■ Exercise directions ■
A faithful copy is needed of the lines below from the one with "New CTR Blue Men’s Tie" up to and including the one with "Purple Scoop Back Crochet Mini Dress Size M"; set it down with no pictures and no other lines.

■ Record set ■

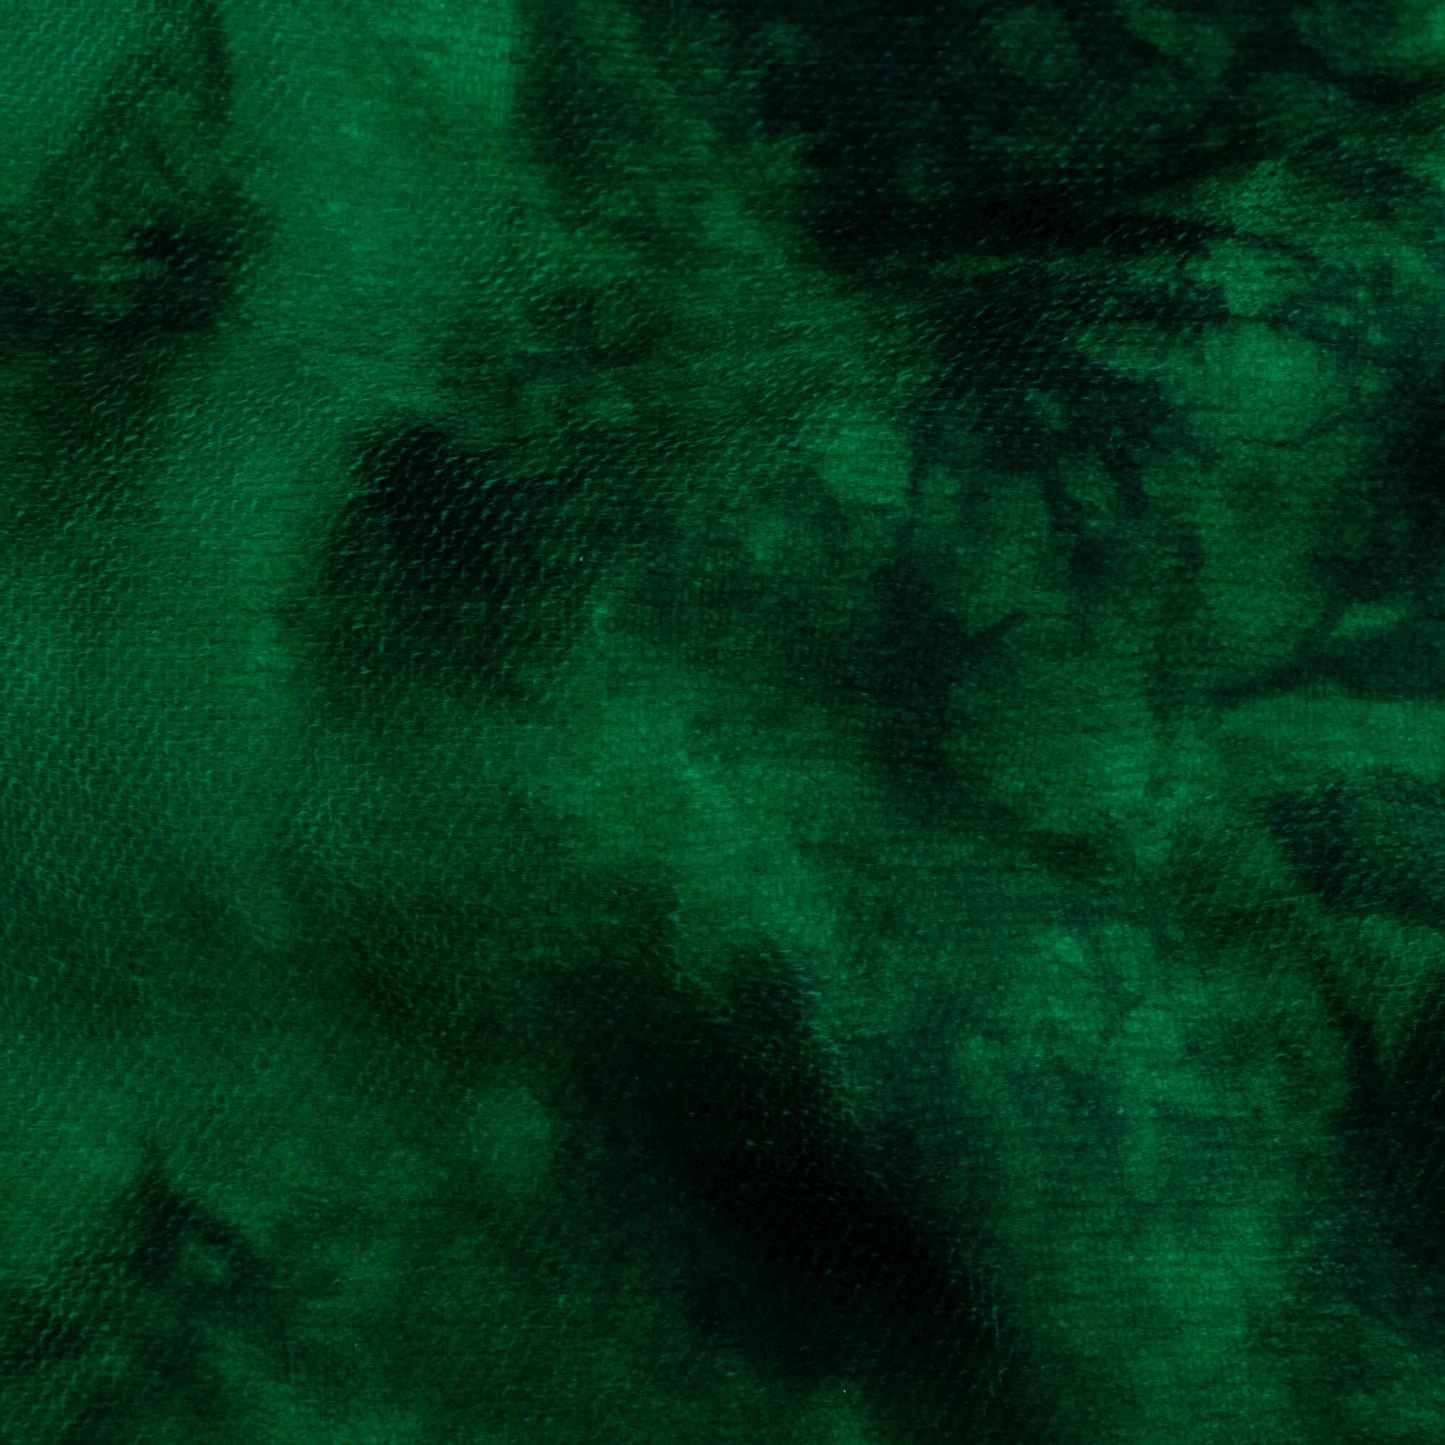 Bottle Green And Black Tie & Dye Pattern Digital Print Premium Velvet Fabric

==

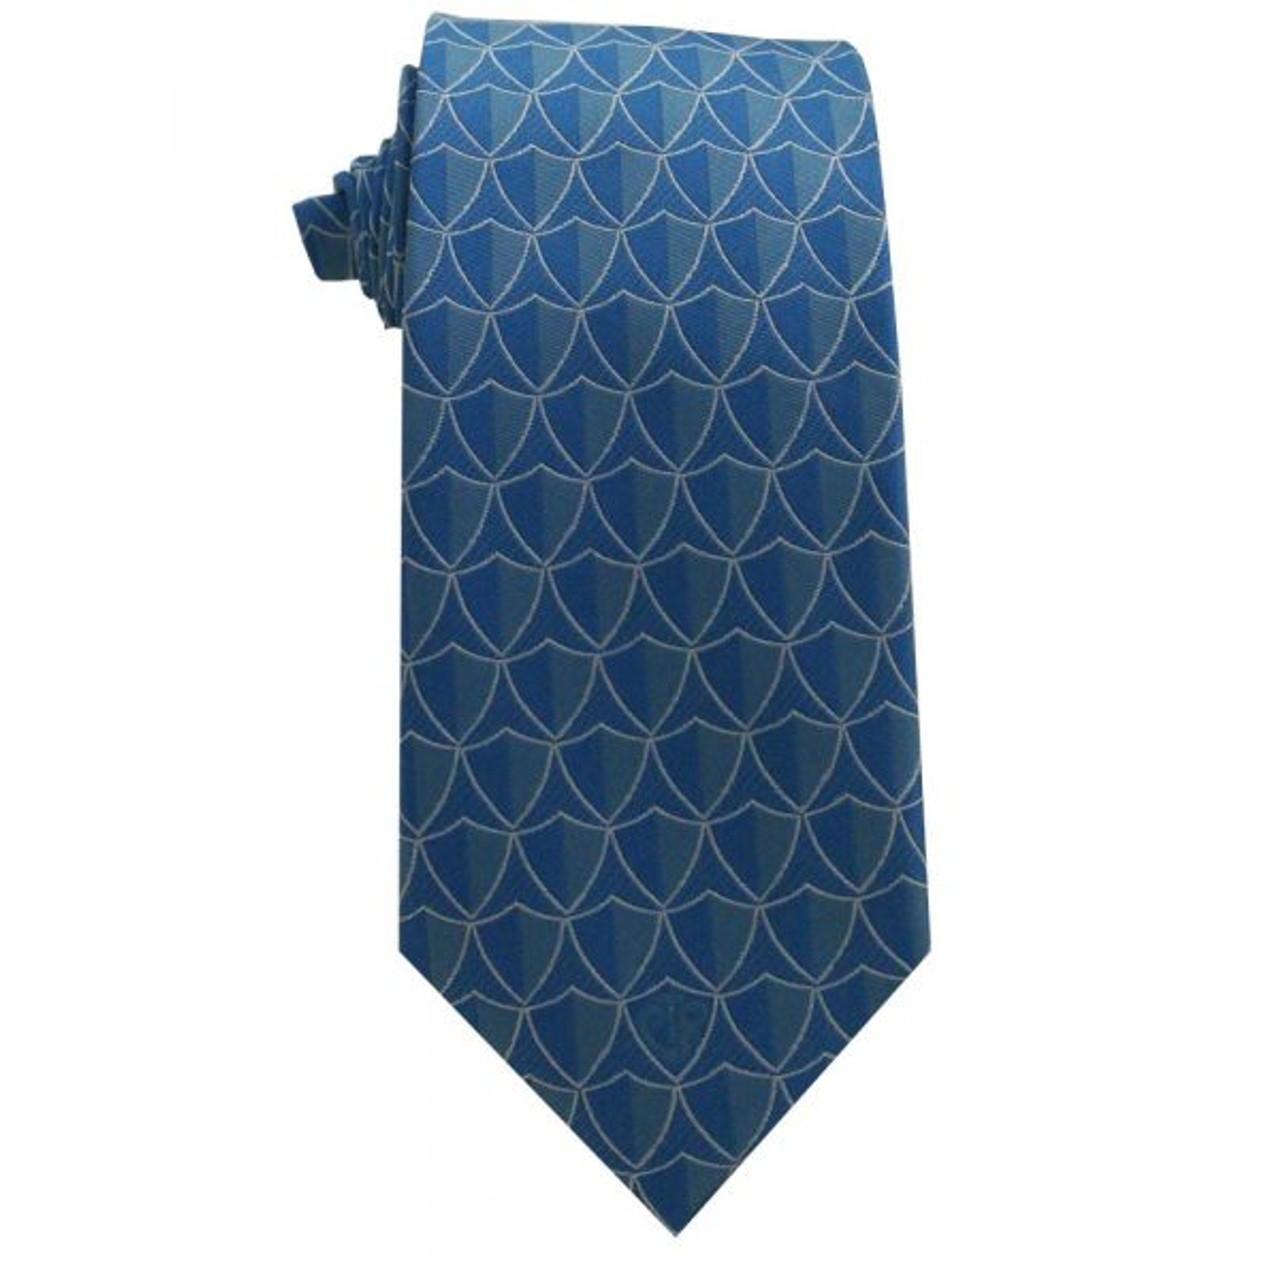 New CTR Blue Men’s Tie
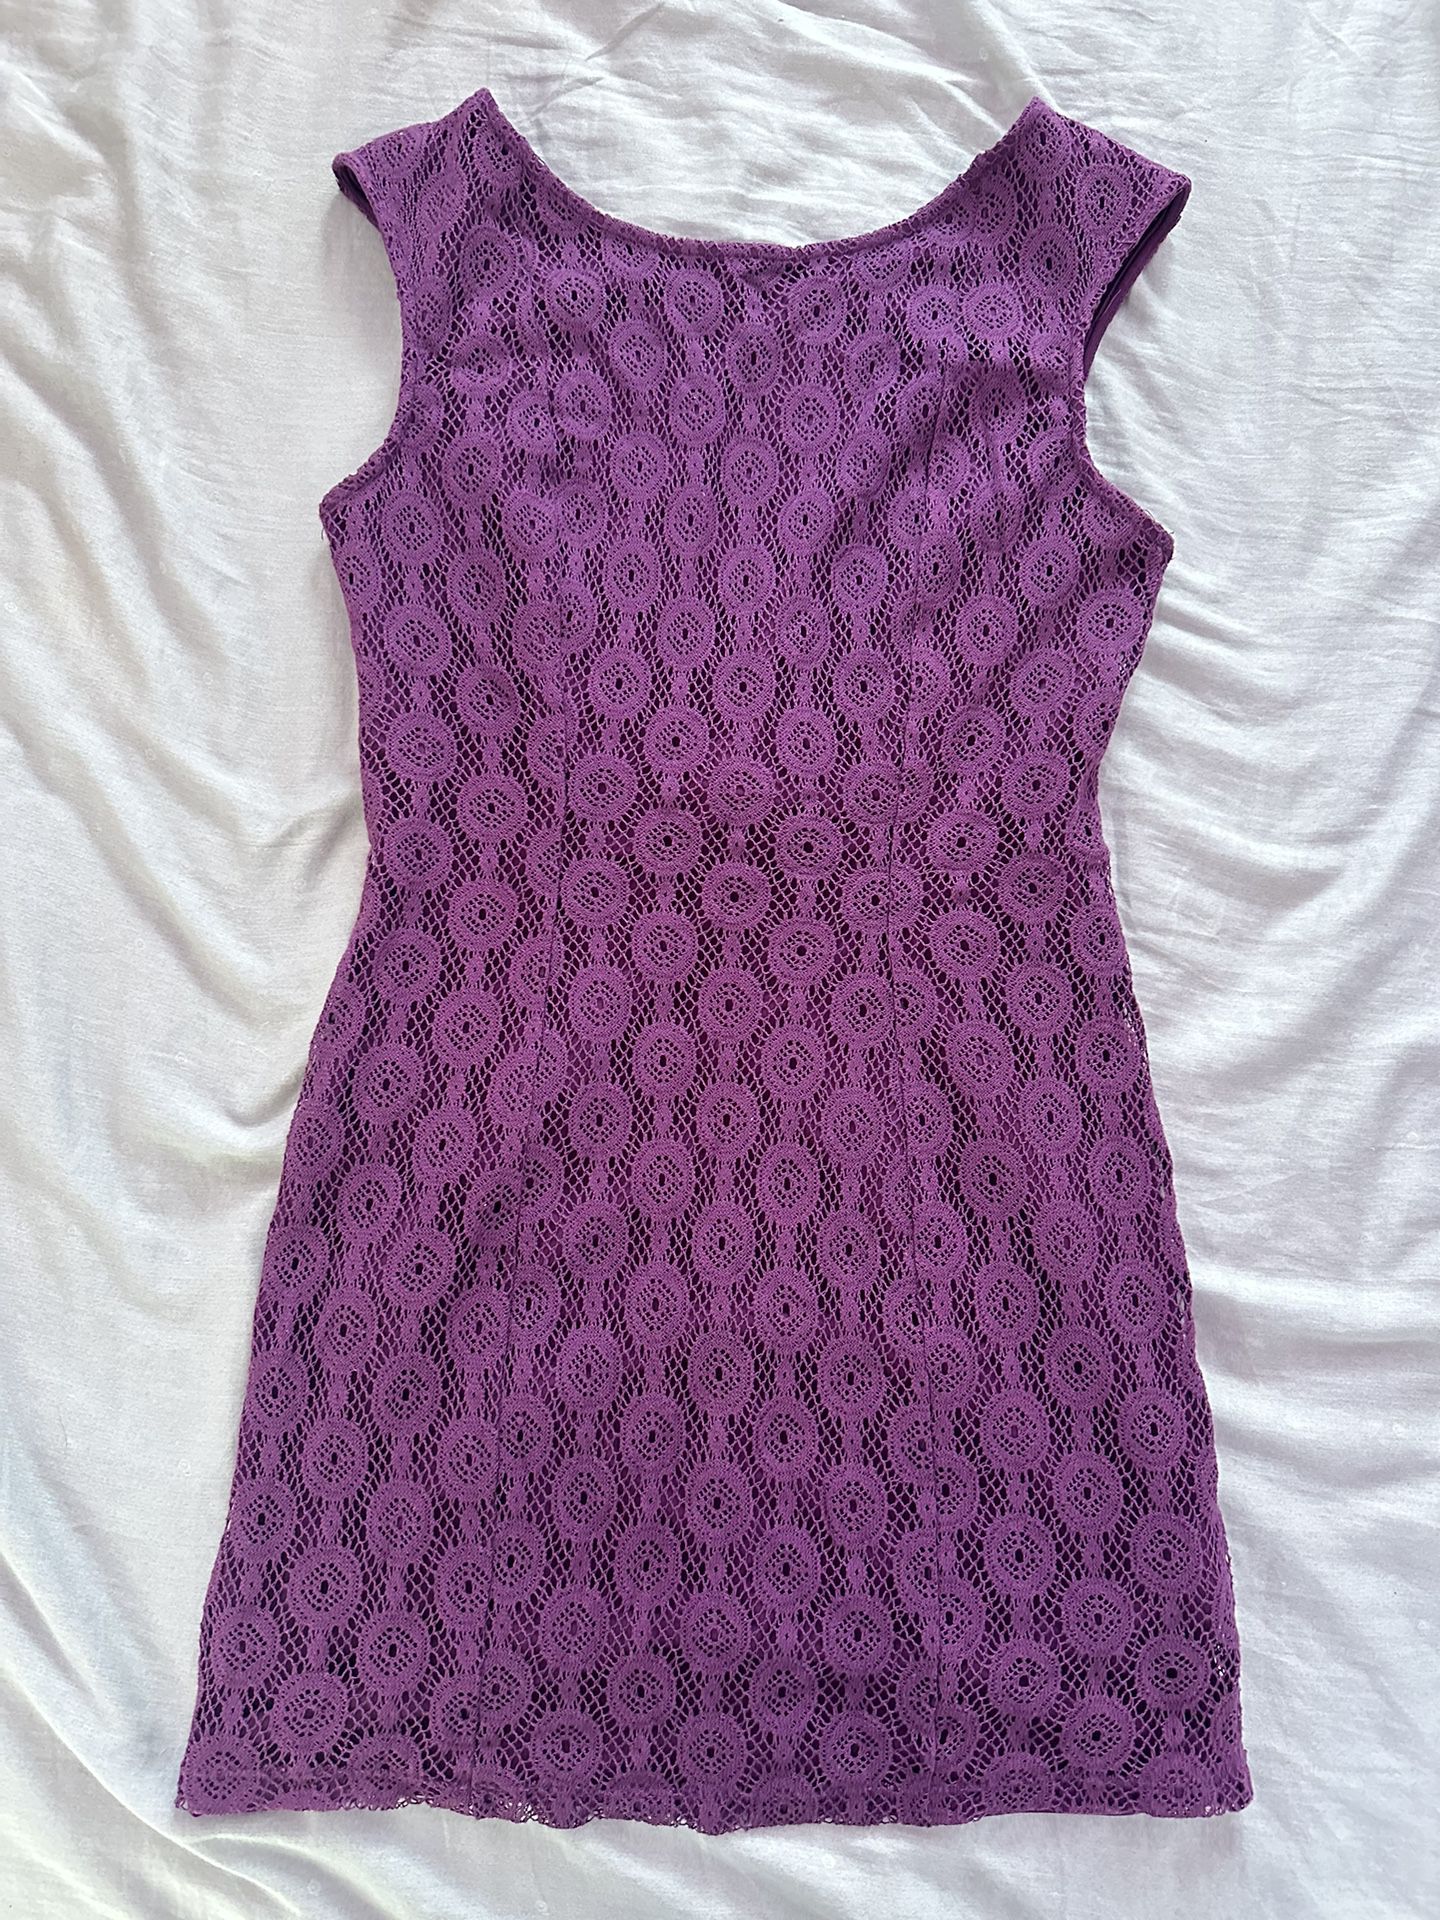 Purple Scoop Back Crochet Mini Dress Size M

...

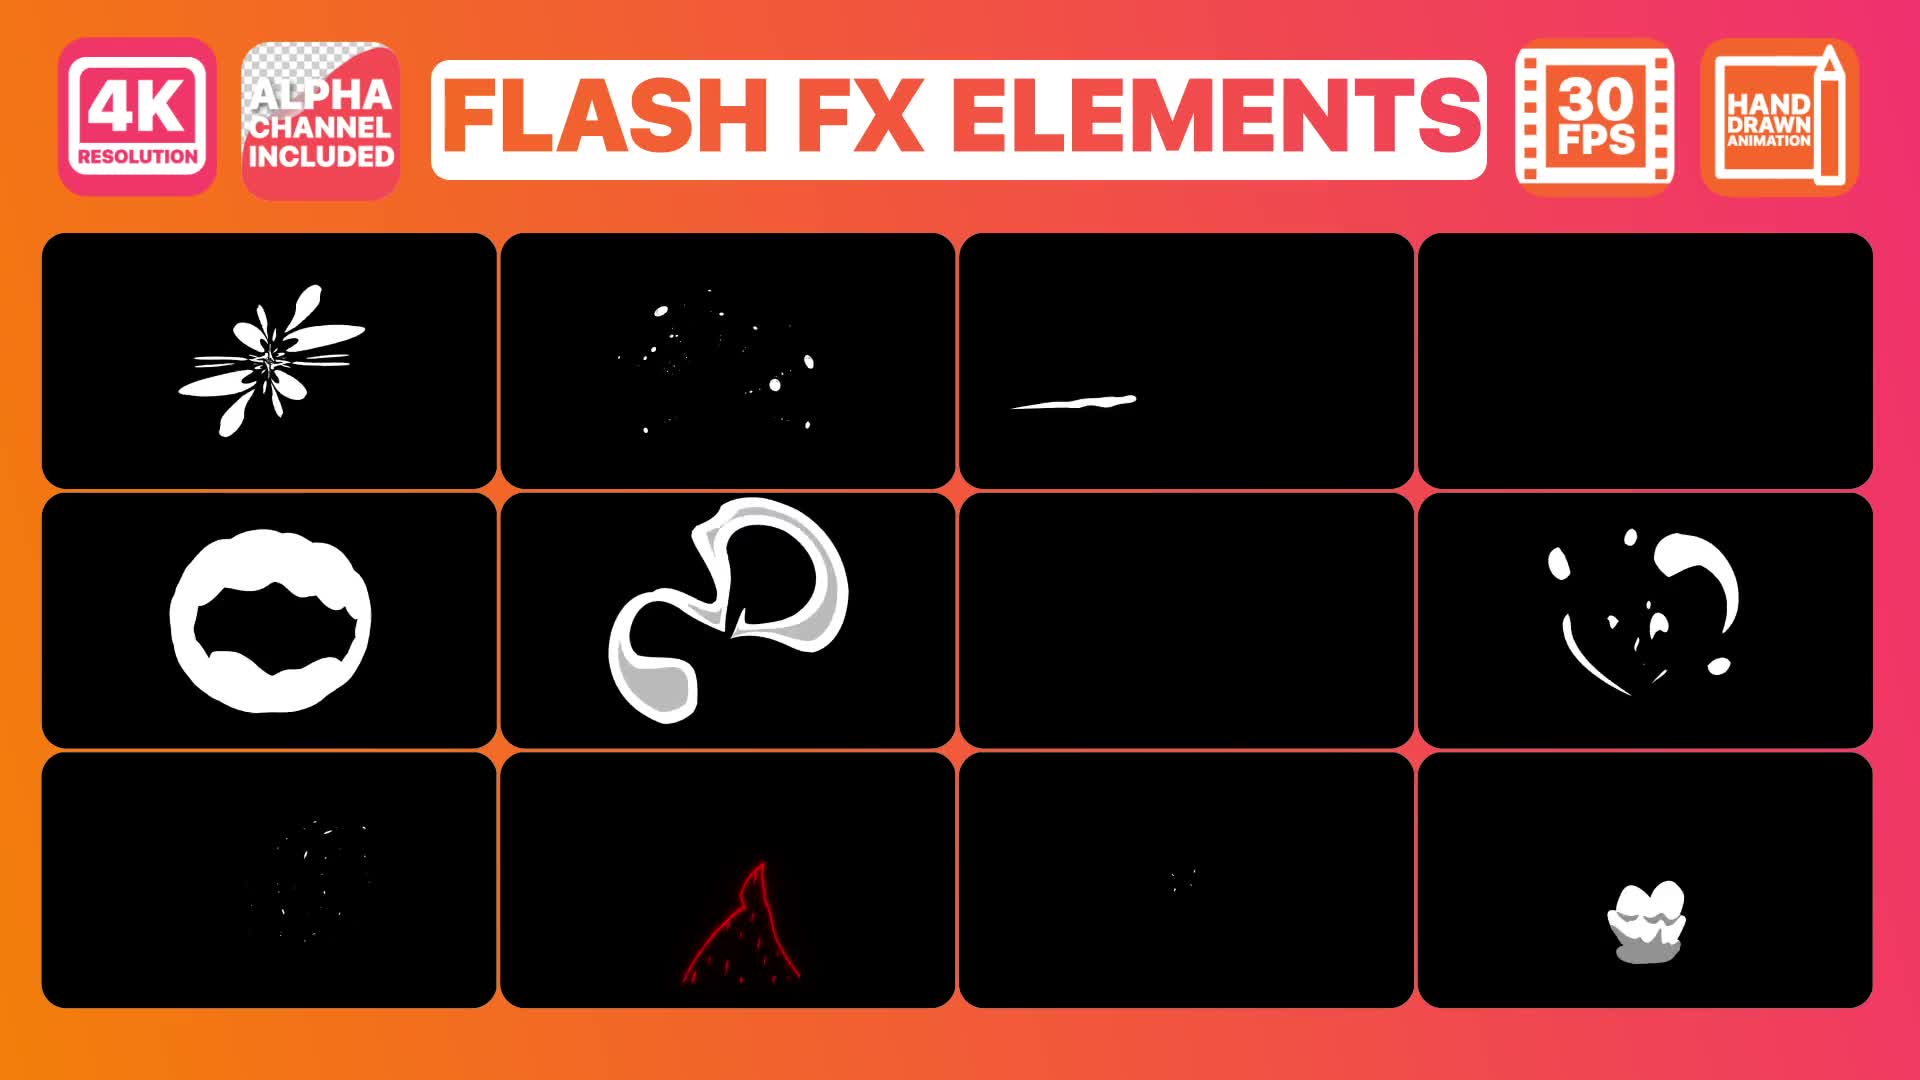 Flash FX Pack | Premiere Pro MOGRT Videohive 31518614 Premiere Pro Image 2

■ Exercise result ■
 New CTR Blue Men’s Tie
 Purple Scoop Back Crochet Mini Dress Size M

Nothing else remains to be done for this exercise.